** What is being asked **
Copy out every line of the data exactly; do not include the images.

** Recorded information **

*-*-*

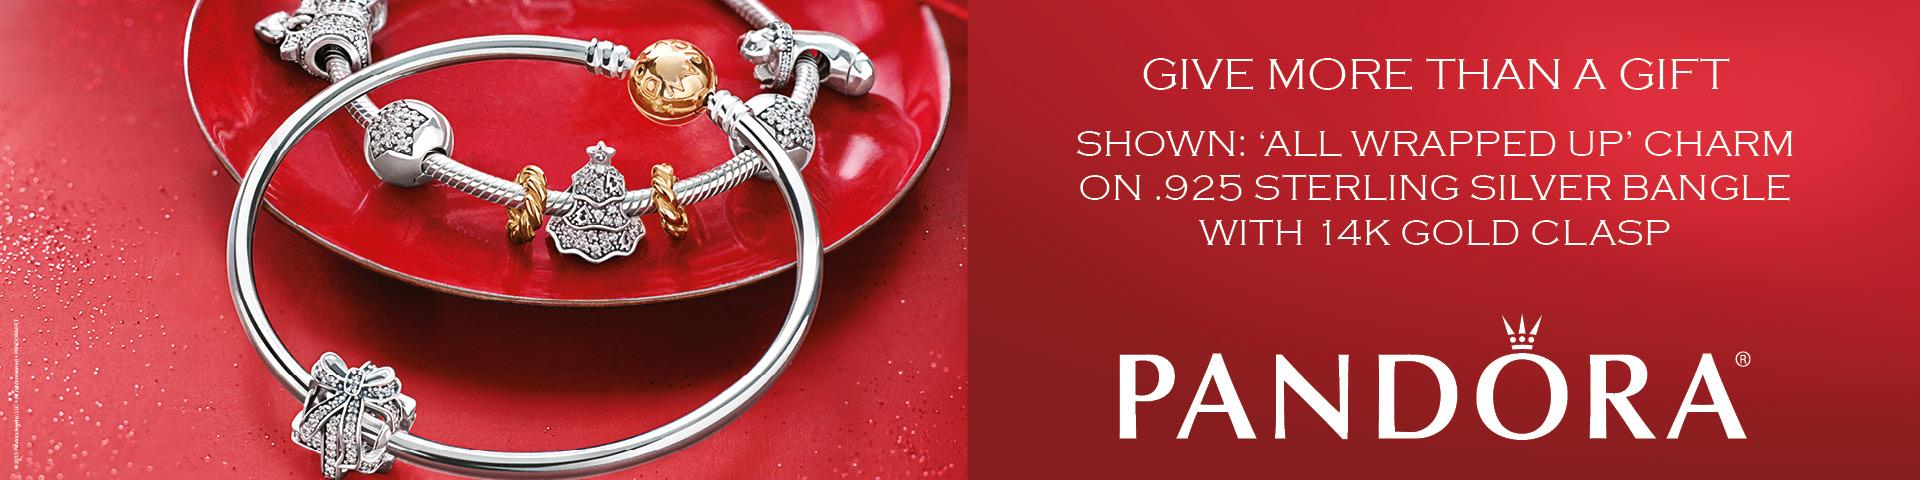 Pandora More than a gift
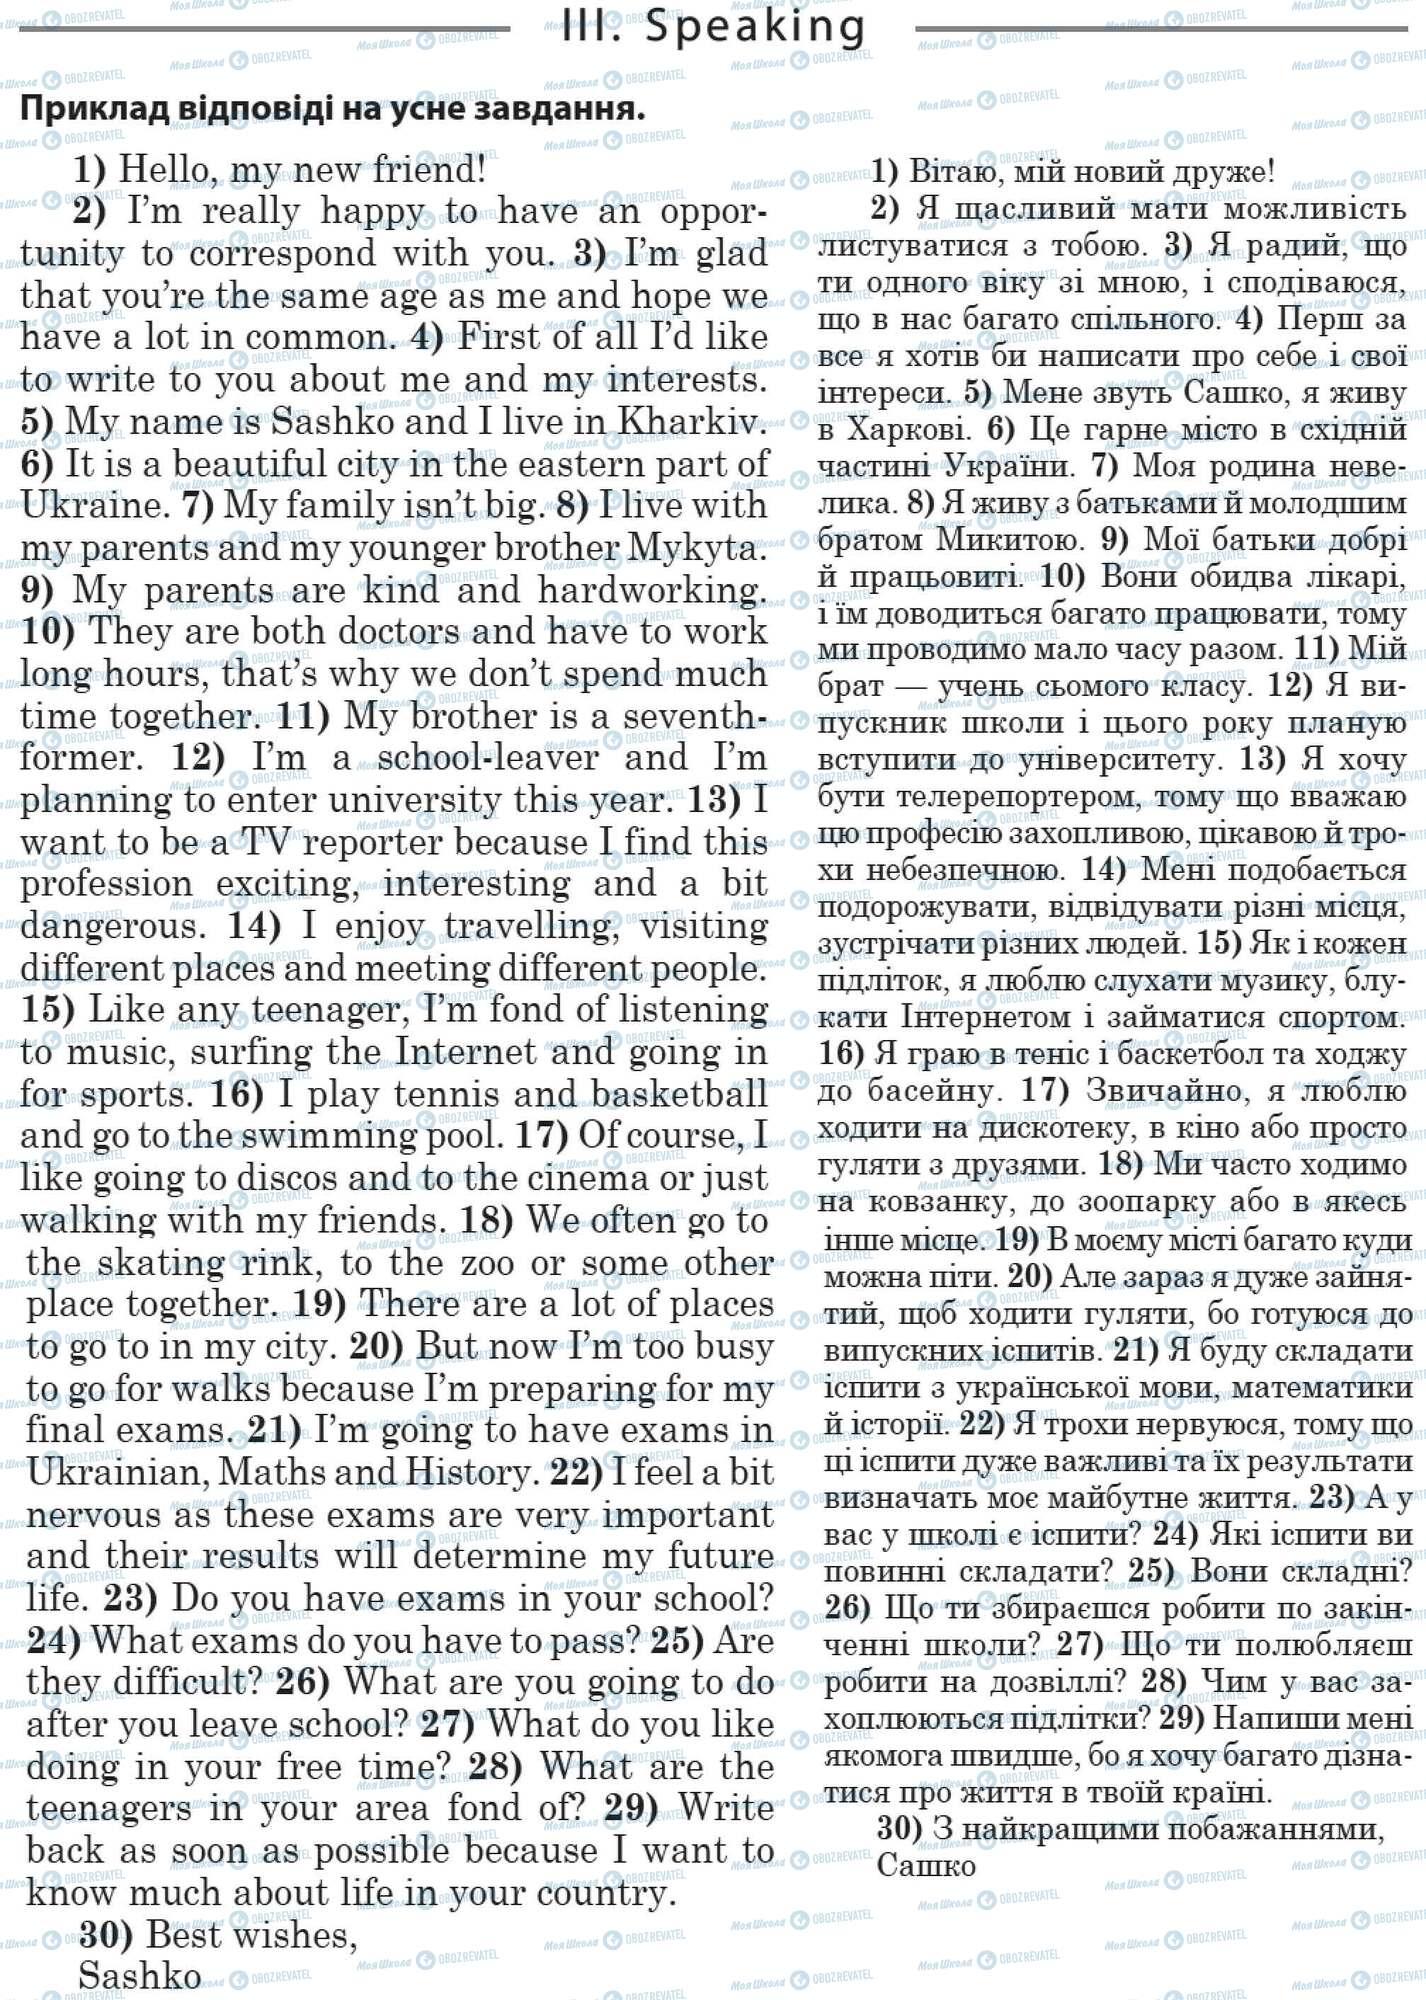 ДПА Англійська мова 11 клас сторінка 3. Speaking
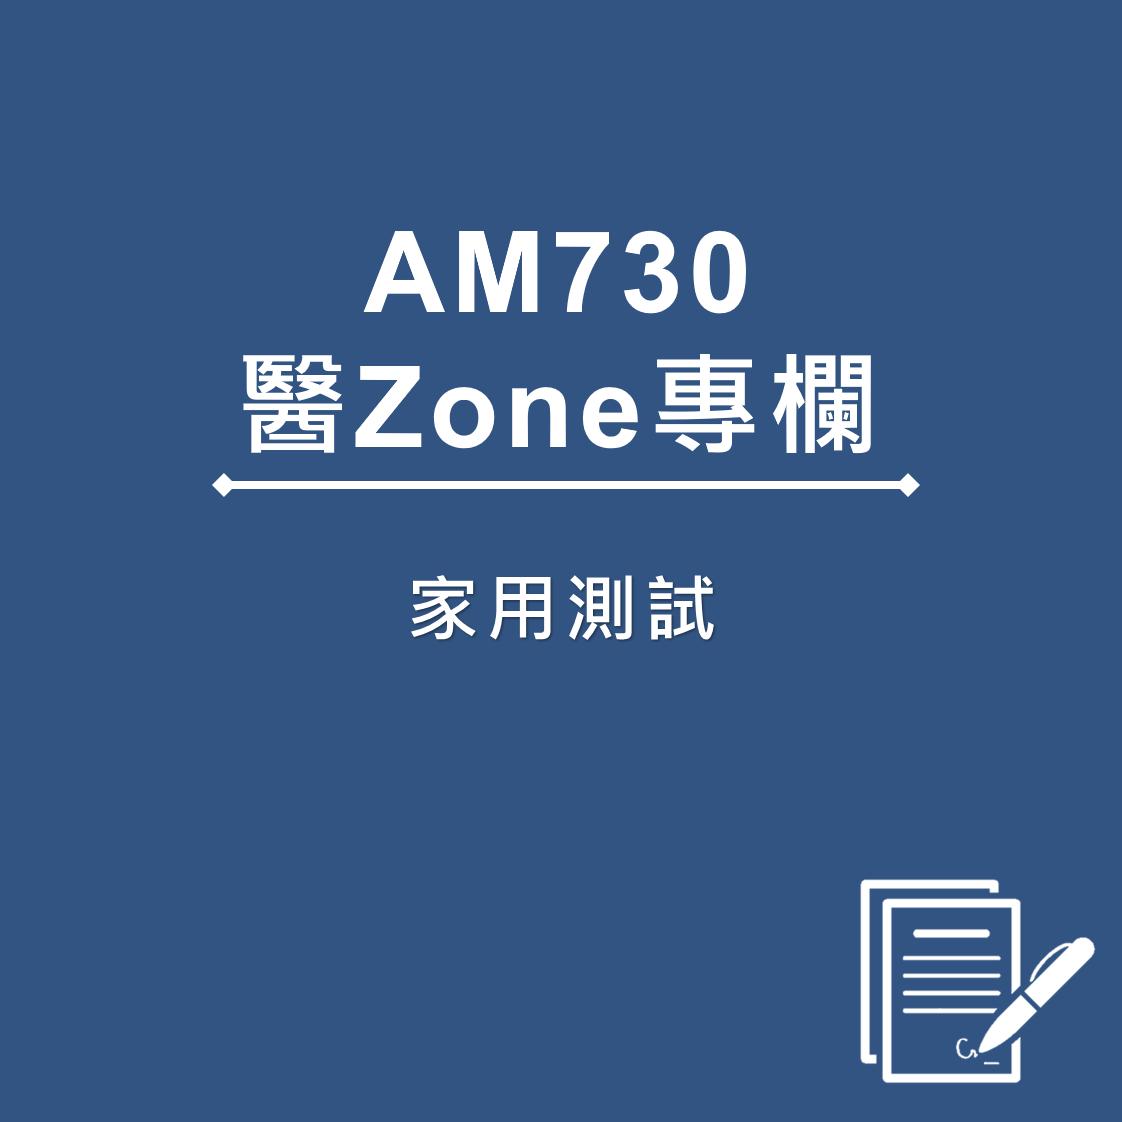 AM730 醫Zone 專欄 - 家用測試
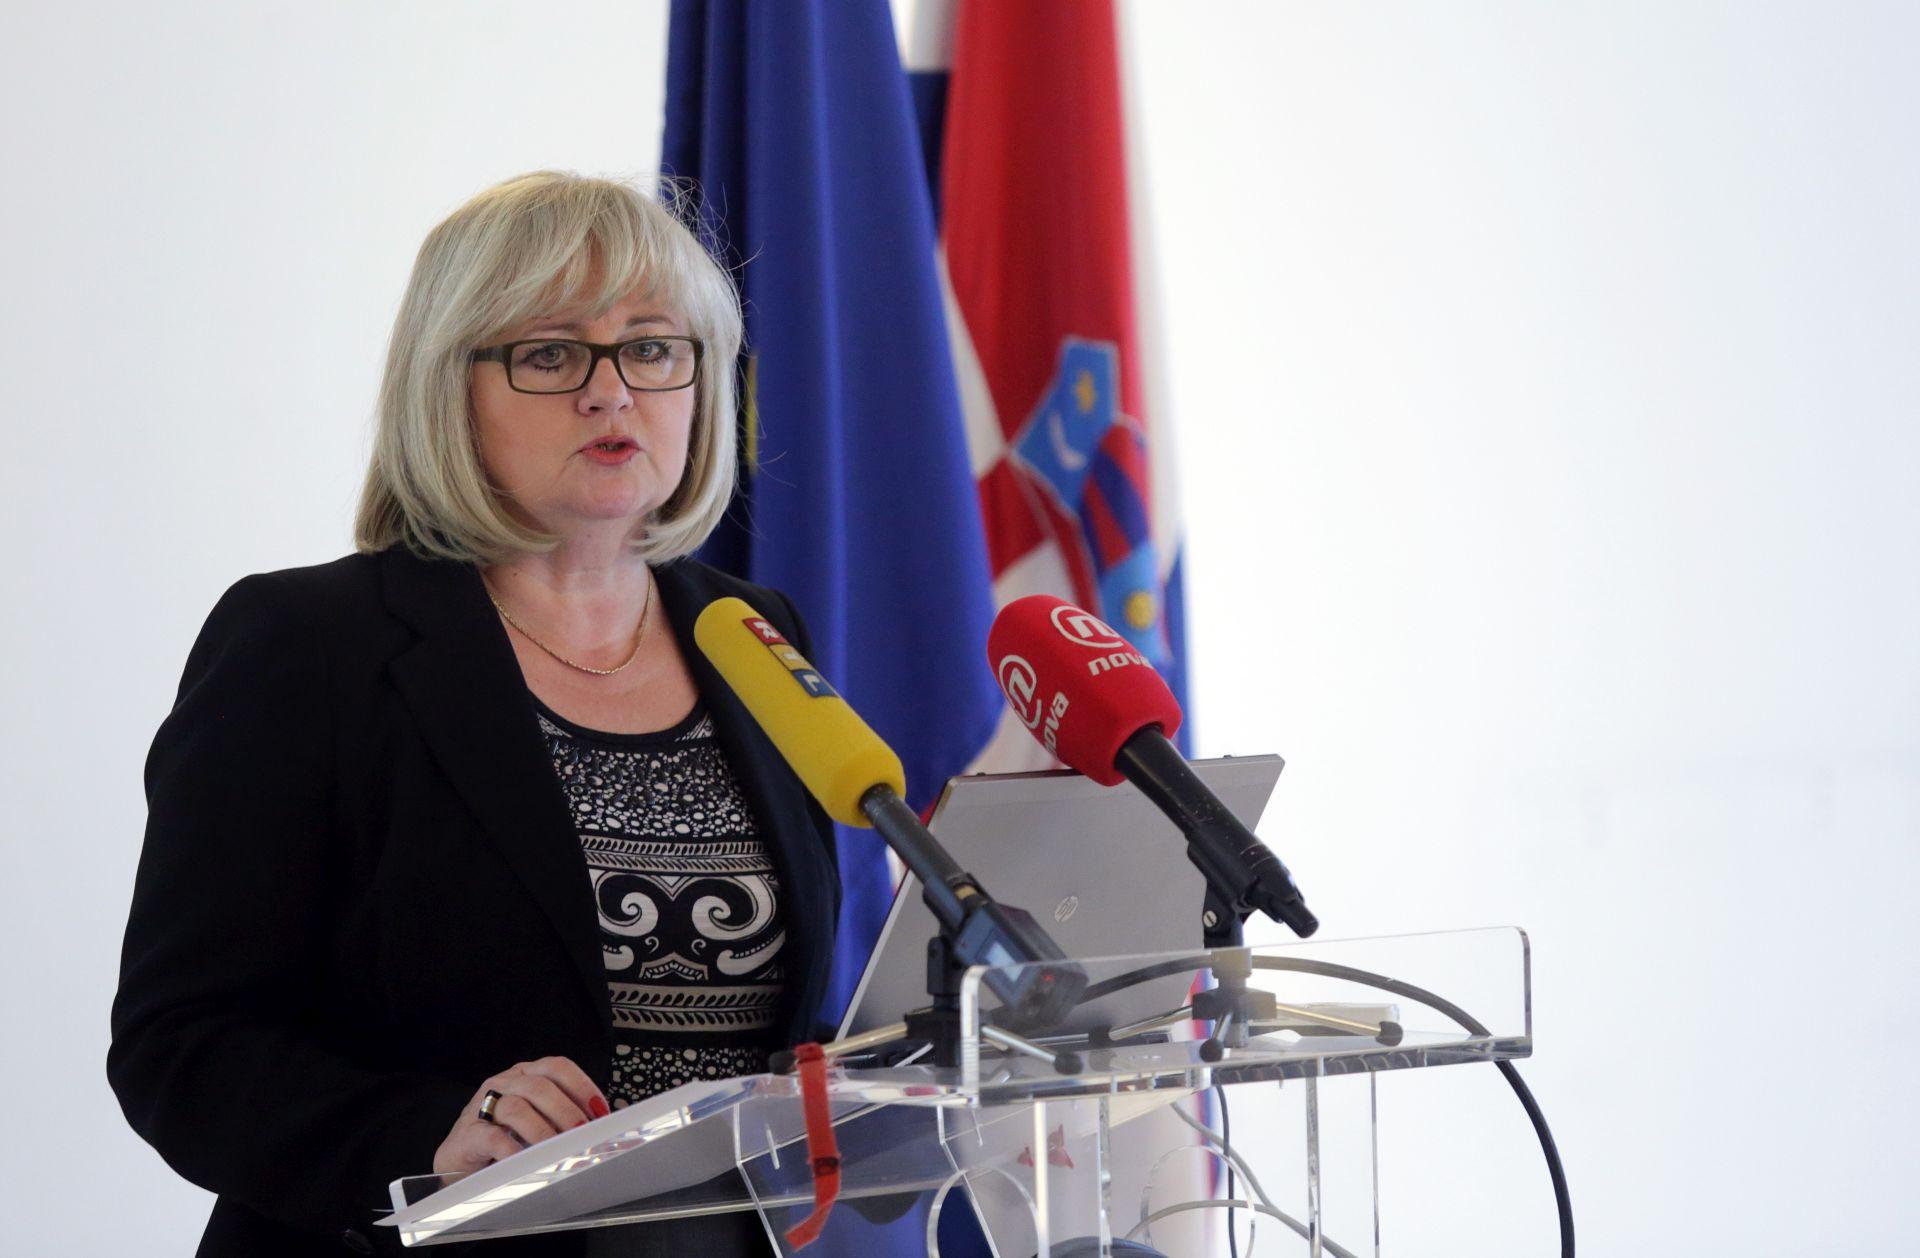 PISA 2015.: Hrvatski učenici i dalje znatno ispod prosjeka OECD-a

*-*-*

** Response to the exercise **
 Pandora More than a gift
 ДПА Англійська мова 11 клас сторінка 3. Speaking
 AM730 醫Zone 專欄 - 家用測試
 PISA 2015.: Hrvatski učenici i dalje znatno ispod prosjeka OECD-a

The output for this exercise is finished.